The shade program is named: Shader.metal

//The data type must be the same as defined in Swift#include <metal_stdlib>typedef unsigned intUInttypedef intDatatype;kernelvoidParsum (ConstDevice datatype* data [[Buffer (0) ]],ConstDevice uint& datalength [[Buffer (1]], device datatype* sums [[Buffer (2) ]],ConstDevice uint& elementspersum [[Buffer (3) ]],ConstUINT Tgpos [[Threadgroup_position_in_grid]],ConstUINT TPERTG [[Threads_per_threadgroup]],ConstUINT TPos [[Thread_position_in_threadgroup]]) {calculates the total index value based on the group index, the batch index, and the position in the group, which is uniqueUINT Resultindex = Tgpos * TPERTG + tPos;//Calculate the start end position of this batch dataUINT DATAINDEX = Resultindex * elementspersum;//Where The summation should beginUINT EndIndex = dataindex + elementspersum < datalength?
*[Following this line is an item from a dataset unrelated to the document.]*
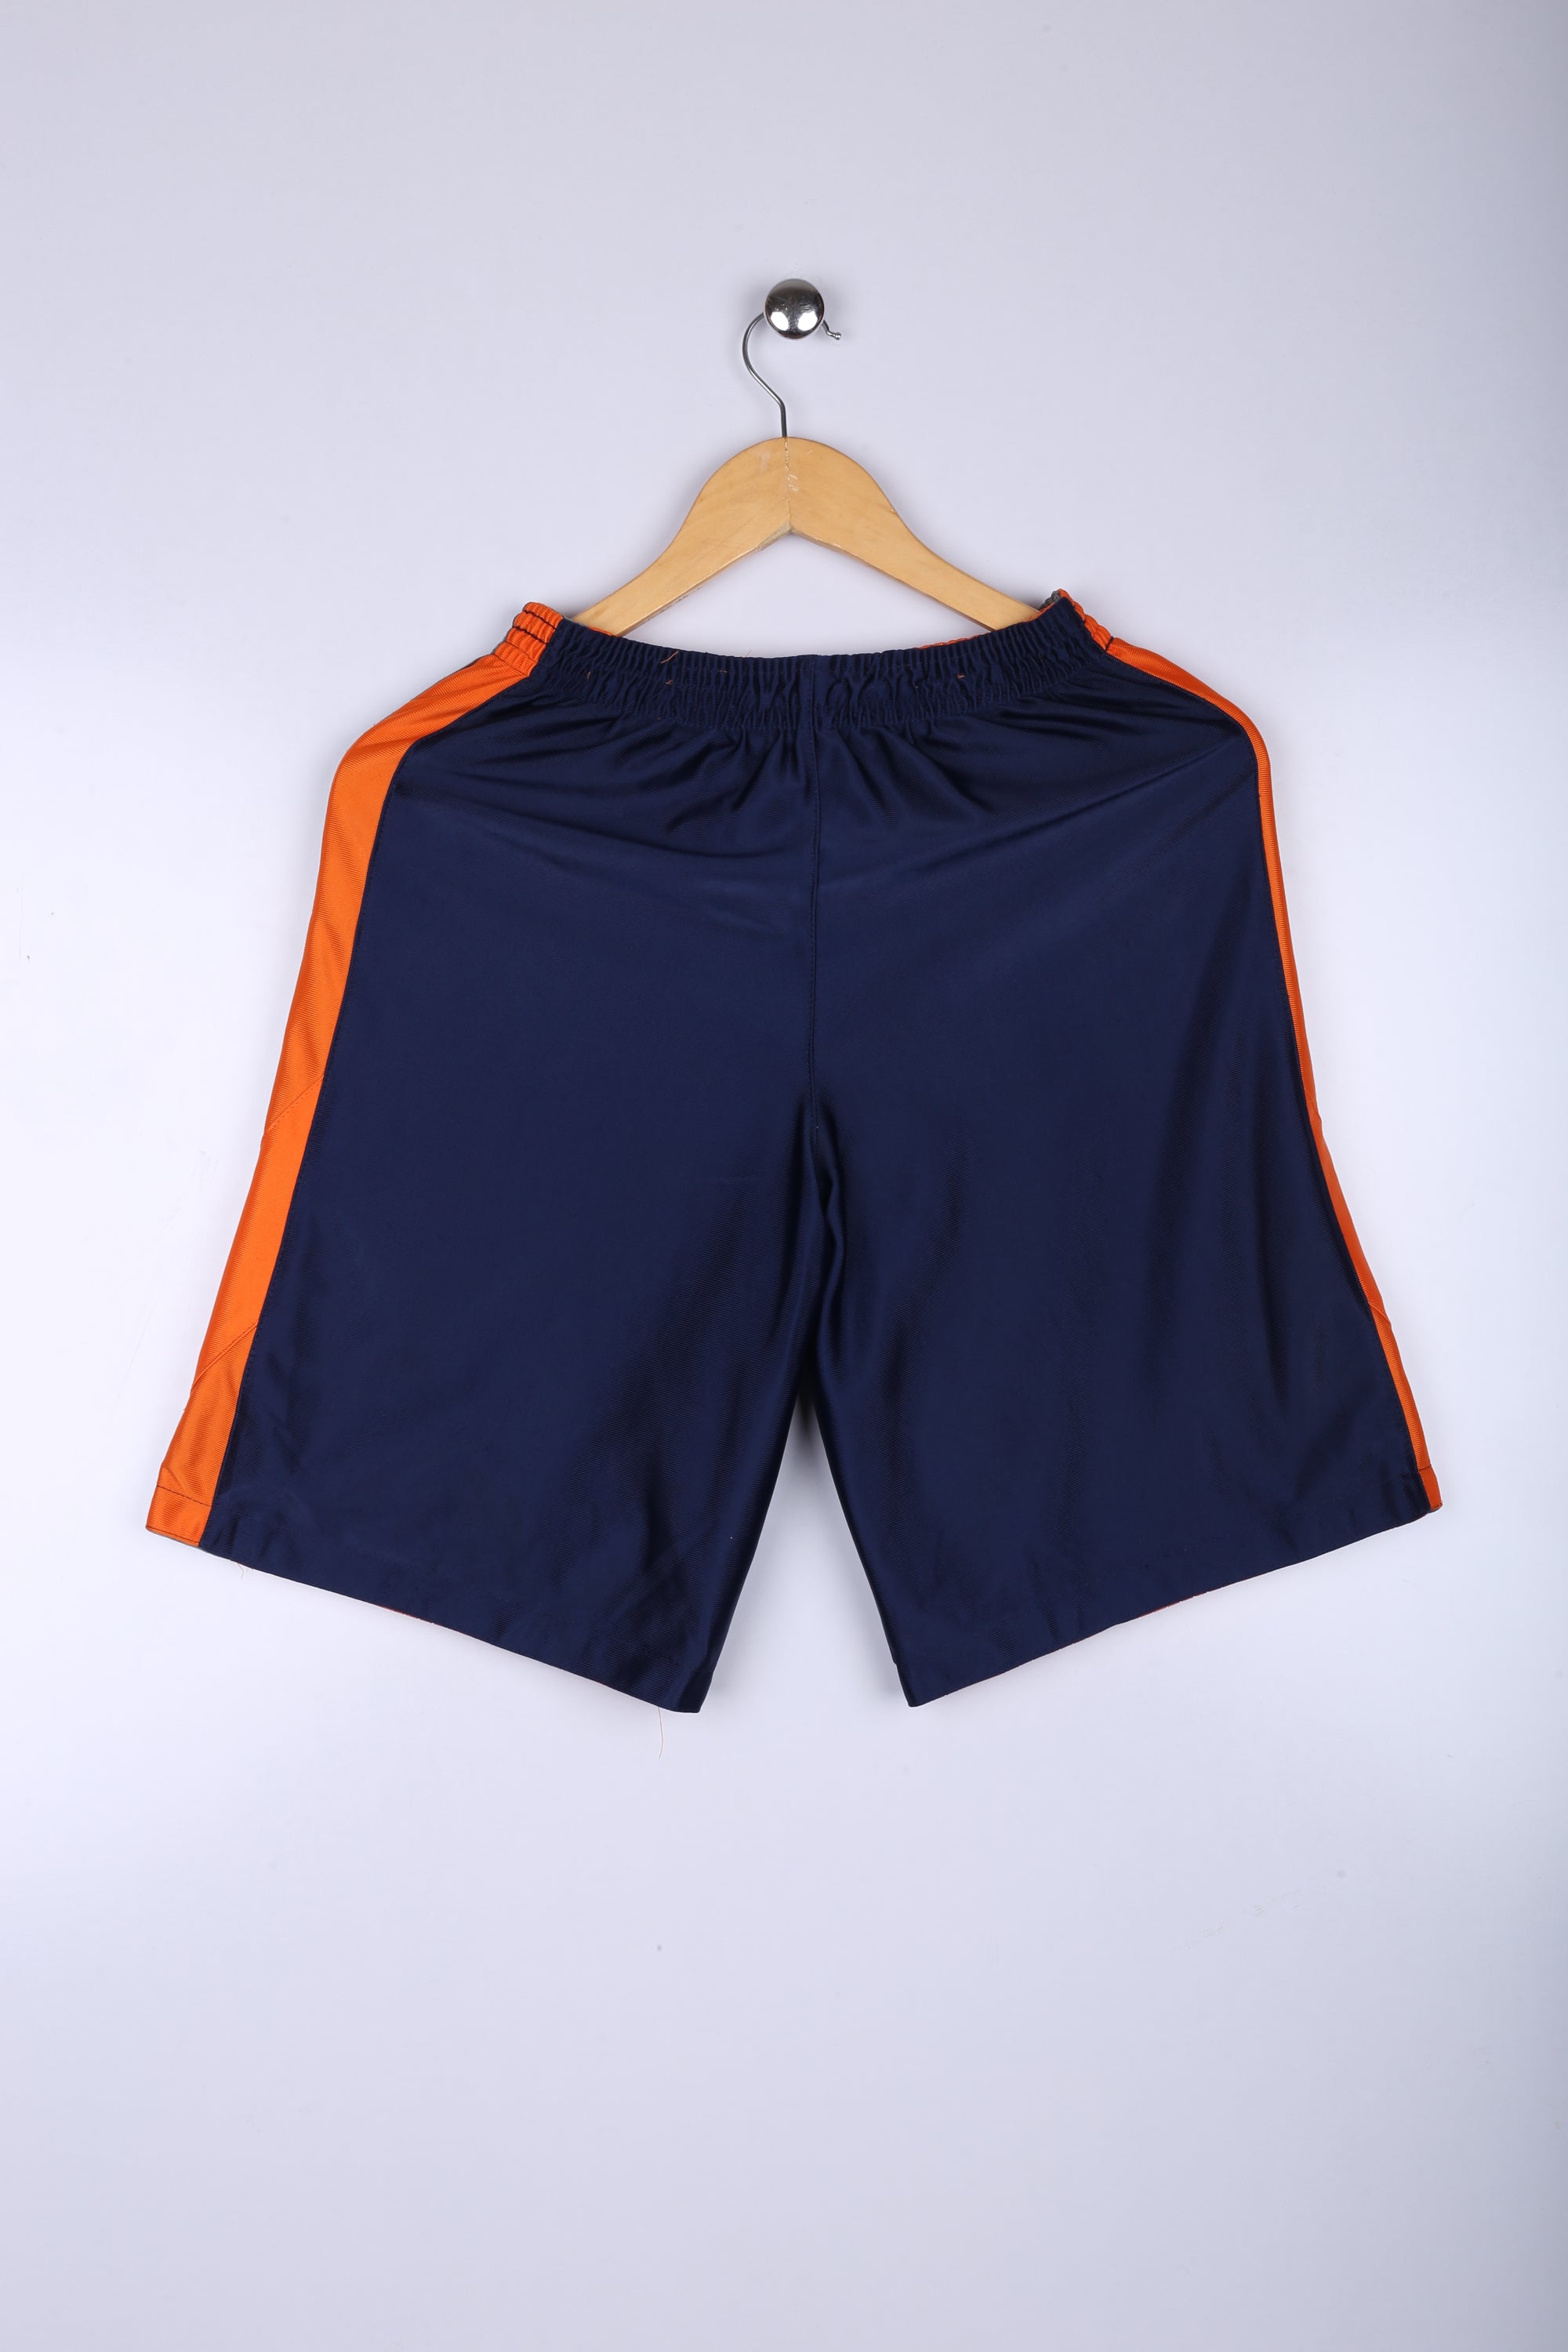 Vintage 90's Starter Shorts Navy/Orange

Dataindex + elementspersum:datalength;//The index where summation should end    //Sum of this batch of data     for(; dataindex < endIndex; dataindex++) Sums[resultindex] + = Data[dataindex];}

To a compile script that is used at the command line:

#!/bin/bashxcrun metal -o shader.air shader.metalxcrun metal-ar rcs shader.metal-ar shader.airxcrun metallib -o default.metallib shader.metal-arswiftc testCompute.swift?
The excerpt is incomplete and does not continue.